WORK REQUIRED: Write out the whole listing exactly; no images belong in it.

[GIVEN INFORMATION Boundary: Start]

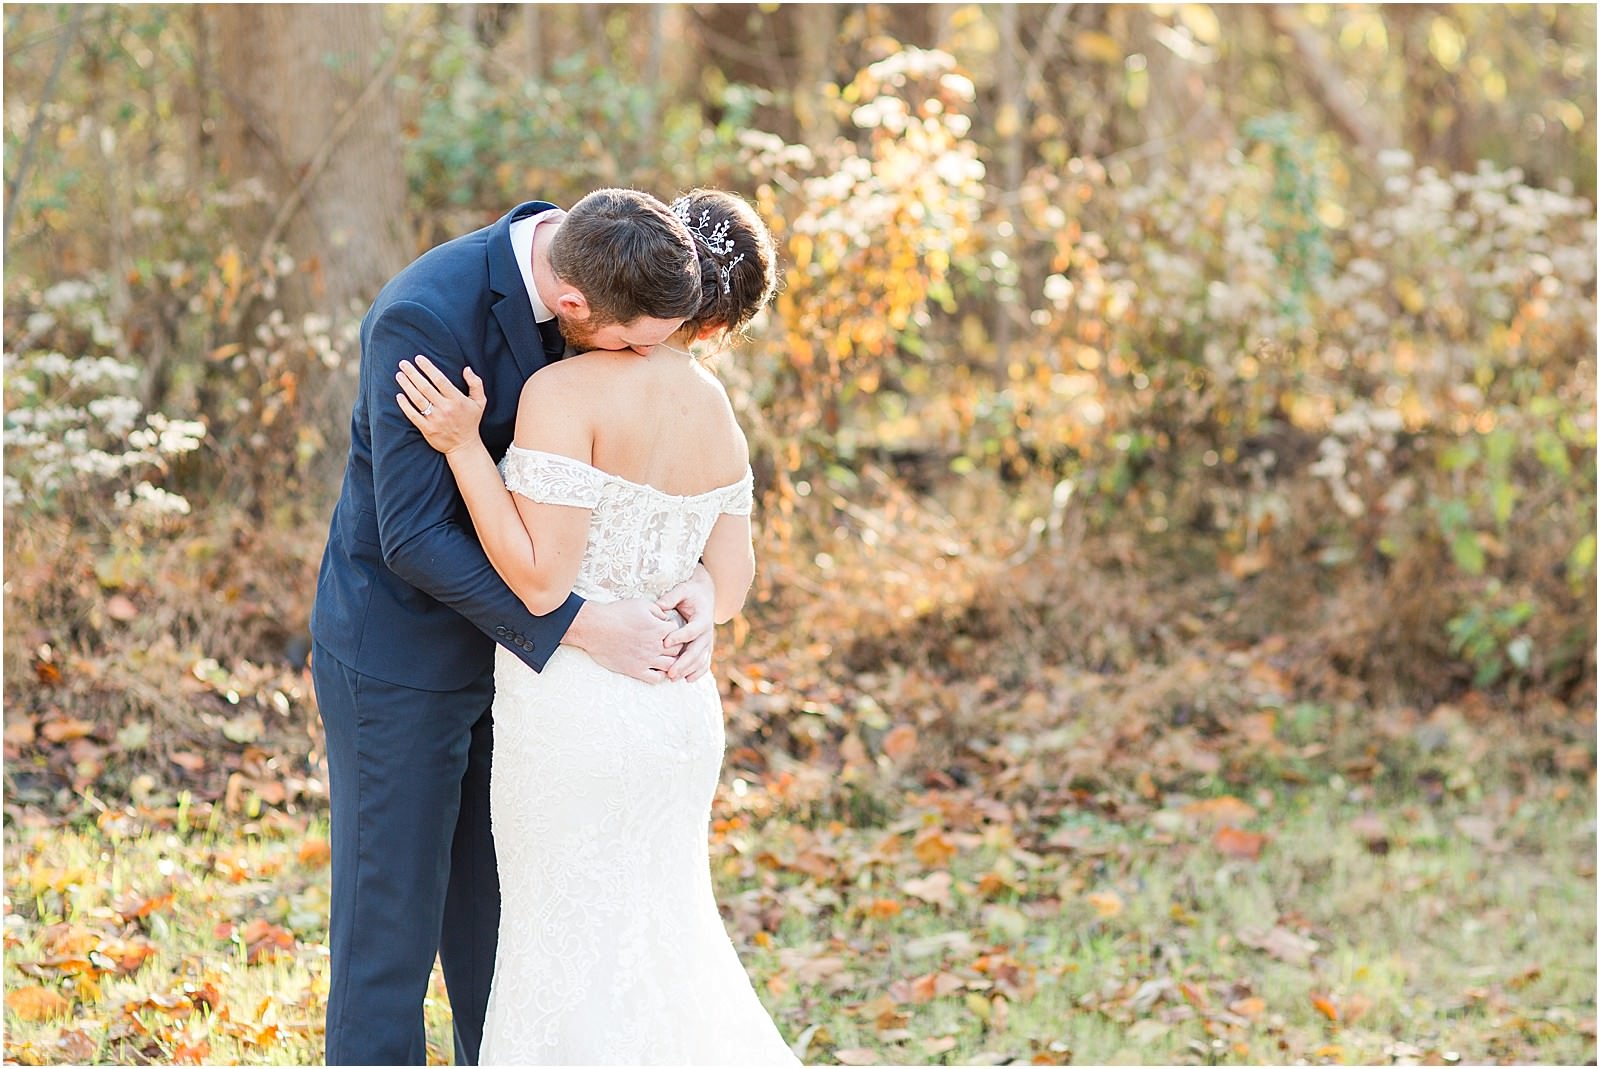 Walker and Alyssa's intimate fall wedding in Southern Indiana. | Wedding Photography | The Corner House Wedding | Southern Indiana Wedding | #fallwedding #intimatewedding | 029.jpg
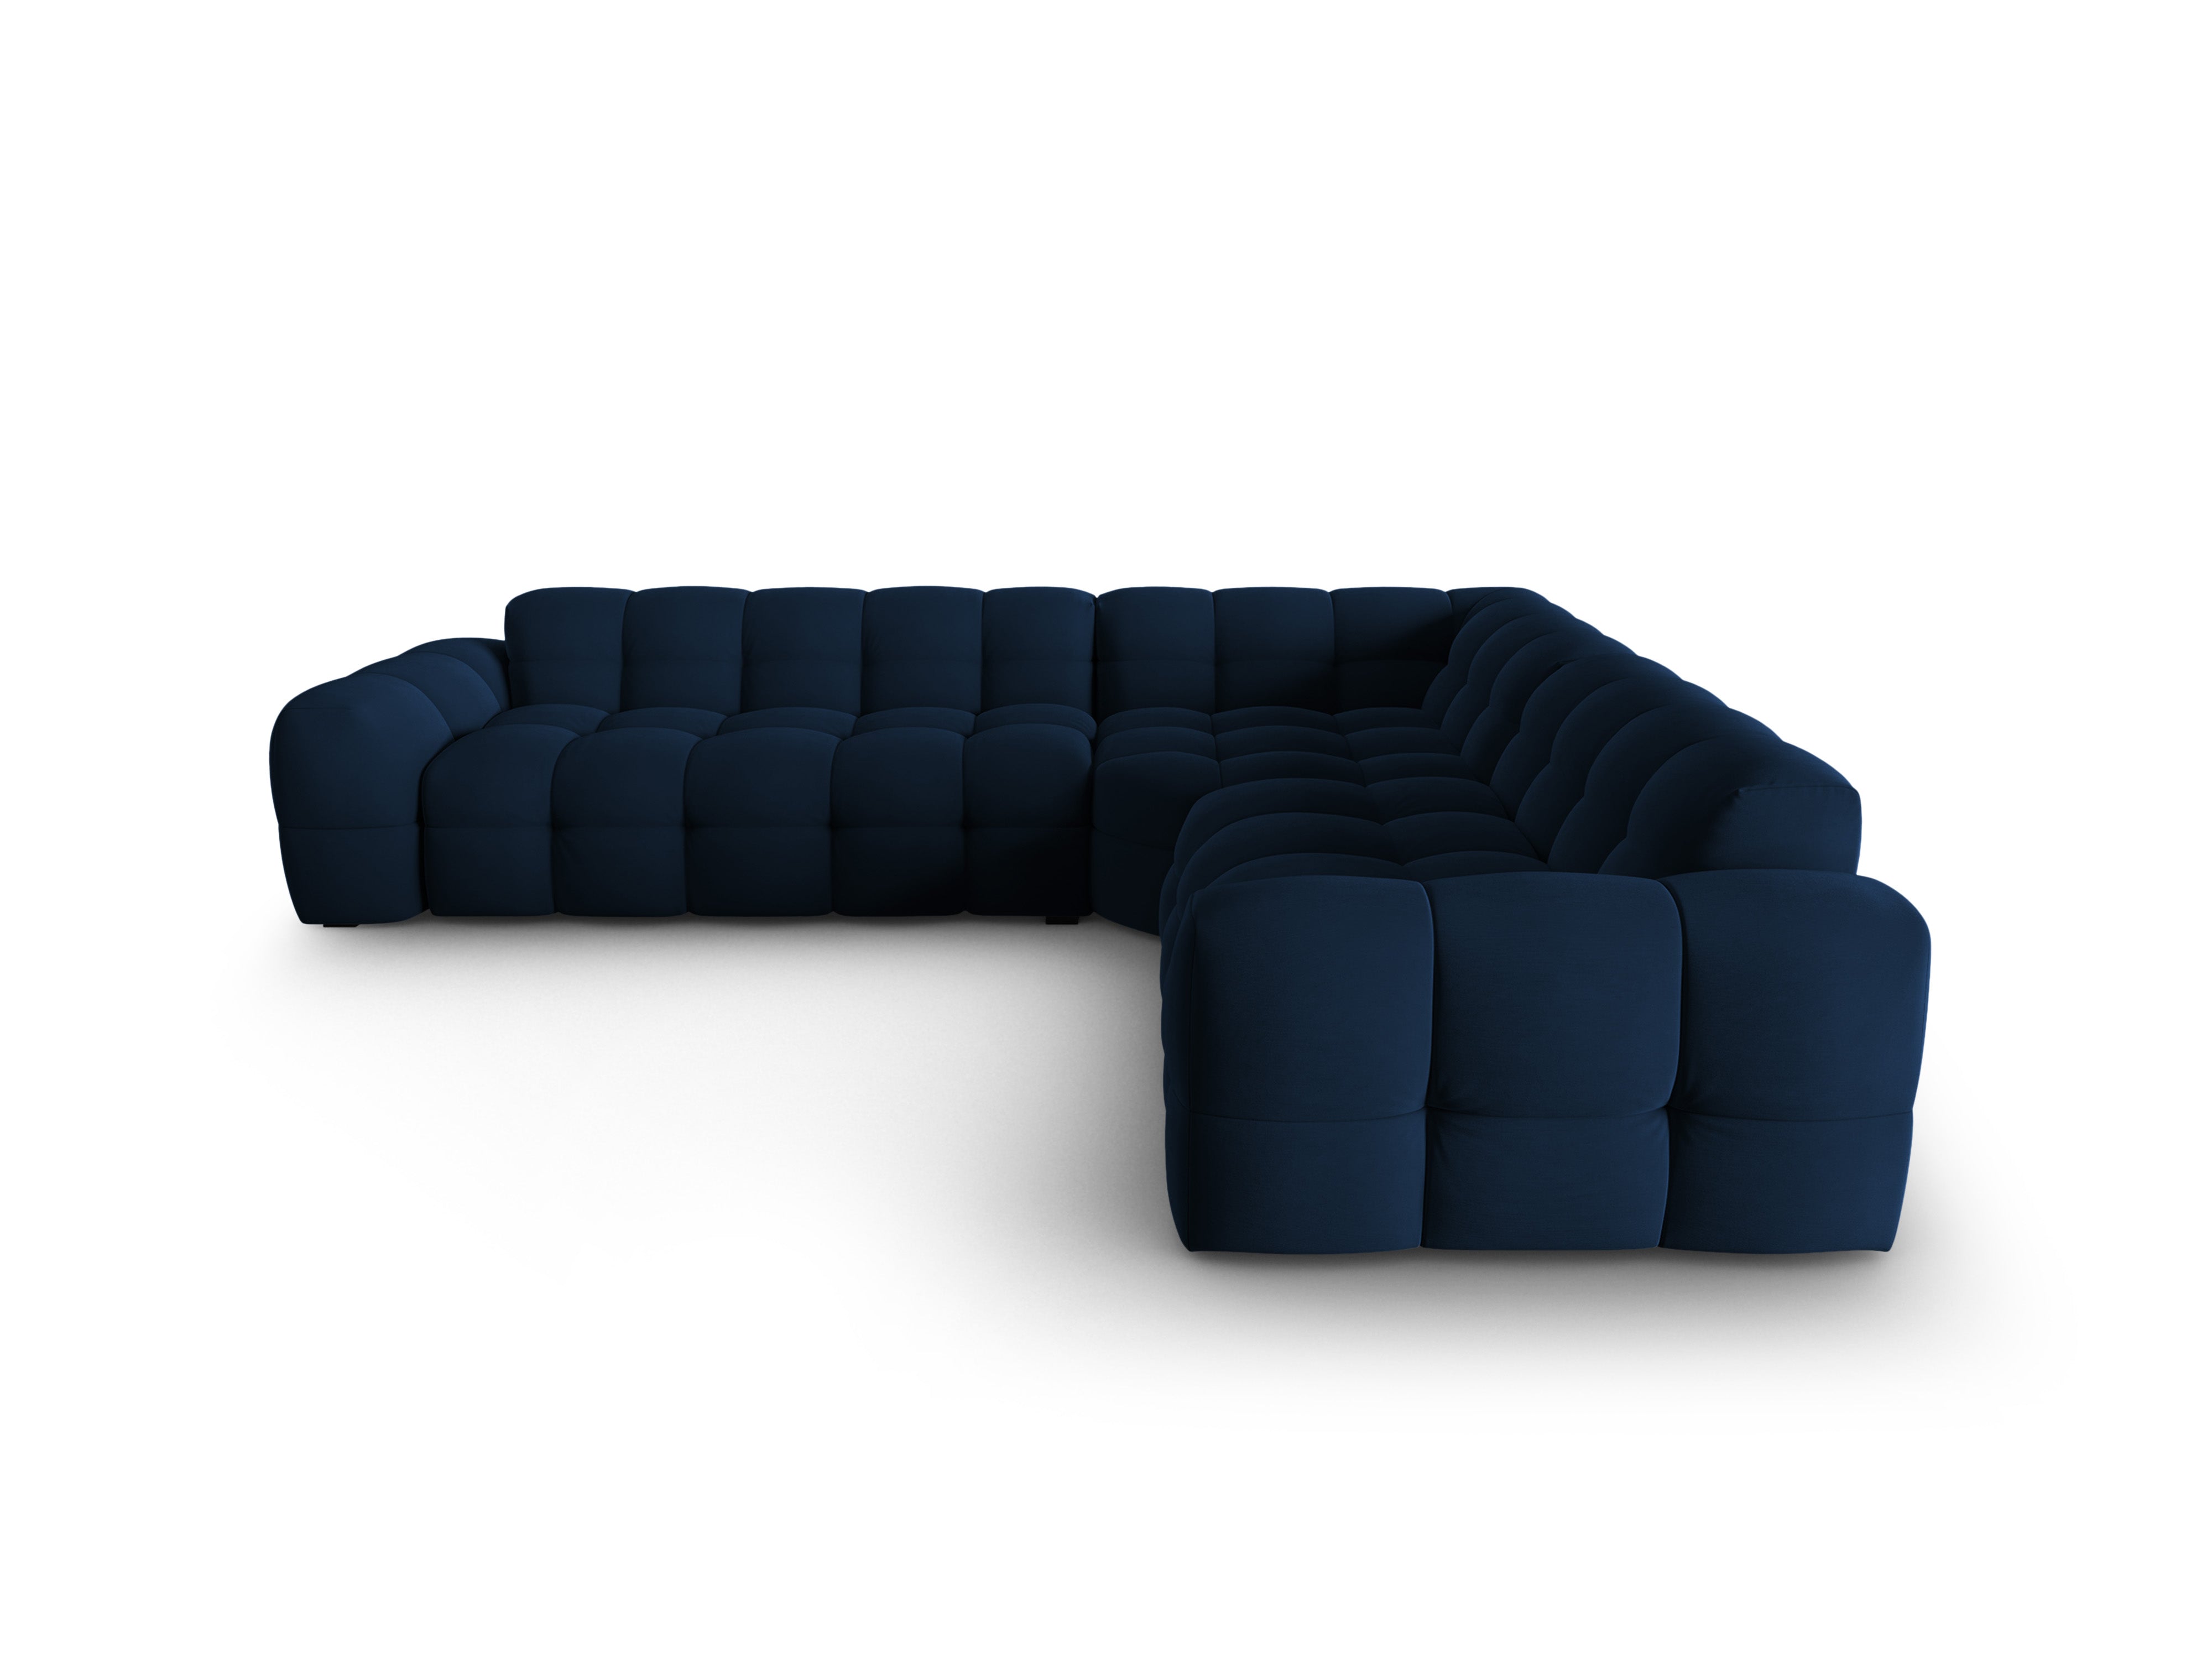 Velvet Symmetrical Corner Sofa, "Nino", 5 Seats, 294x294x68
Made in Europe, Maison Heritage, Eye on Design

[GIVEN INFORMATION Boundary: End]

SOLUTION:
 Walker and Alyssa's intimate fall wedding in Southern Indiana. | Wedding Photography | The Corner House Wedding | Southern Indiana Wedding | #fallwedding #intimatewedding | 029.jpg
 Velvet Symmetrical Corner Sofa, "Nino", 5 Seats, 294x294x68
Made in Europe, Maison Heritage, Eye on Design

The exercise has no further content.